Front-only coverage handles most highway and intercity scenarios. But in Indian city driving where rear-end collisions, parking incidents, and intersection disputes are most common — front and rear coverage together eliminates the blind spots in your account that the other party can exploit.

What To Do Immediately After an Accident in India
This checklist matters as much as having a dashcam in the first place. Footage that gets overwritten or mishandled is footage that can't help you.
- Don't move the vehicles immediately (preserve the position for the panchnama).
- Call 112 or the nearest police station (get officers on record early).
- File an FIR (don't skip this even for minor incidents involving third parties).
- Secure your dashcam footage immediately (use the lock/emergency button to prevent loop overwrite, or remove the SD card).
- Save 2–5 minutes before and after the incident (not just the moment of impact).
- Photograph vehicle positions, damage, and road conditions manually as backup.
- Collect witness contact details if anyone is willing to stay.
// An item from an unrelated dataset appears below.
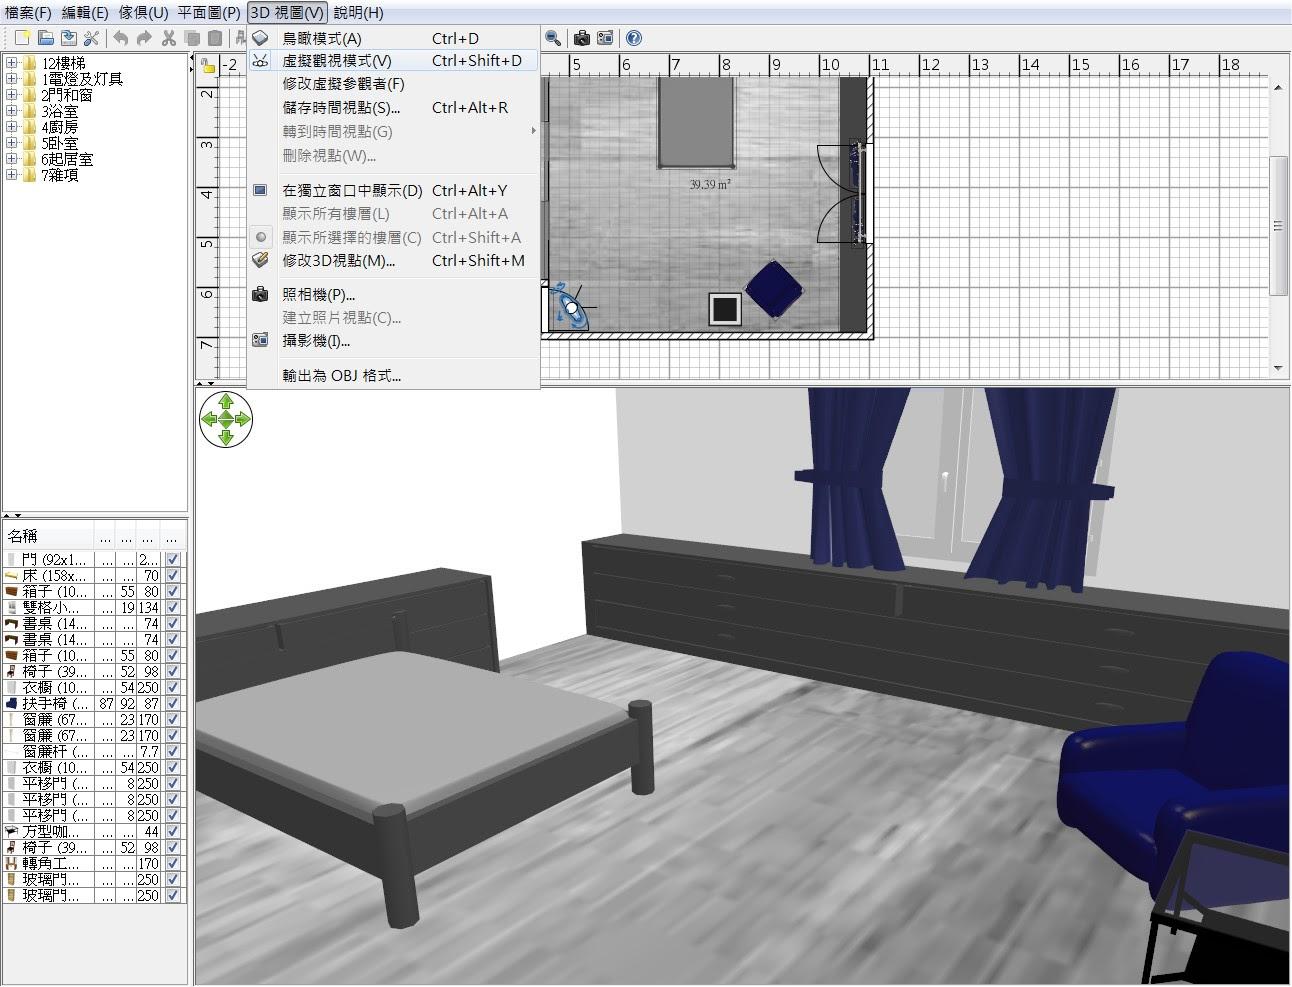 【教學】人人都能輕鬆做出室內設計圖 Sweet Home 3D - GENSIR

- Notify your insurer within 24–48 hours (delayed intimation can complicate claims even when footage is strong).
Important: Don't edit or trim the footage before submitting it anywhere. The original file with intact metadata is what gives it legal standing. A clipped version raises questions. An unedited file doesn't.
The Driver with Better Proof Wins
Fault in Indian road accidents has always been decided by whoever documented better. For years, that meant police discretion and whoever had more persuasive witnesses.
Courts treat unaltered footage as documentary testimony. And with India's roads getting busier and accident disputes getting more complex, the driver who controls their own proof is in a fundamentally different position than one who doesn't.
You can't control whether a witness stays. You can't control whether there's a CCTV camera nearby. You can control what your dashcam records — if you have one, and if you know how to use it.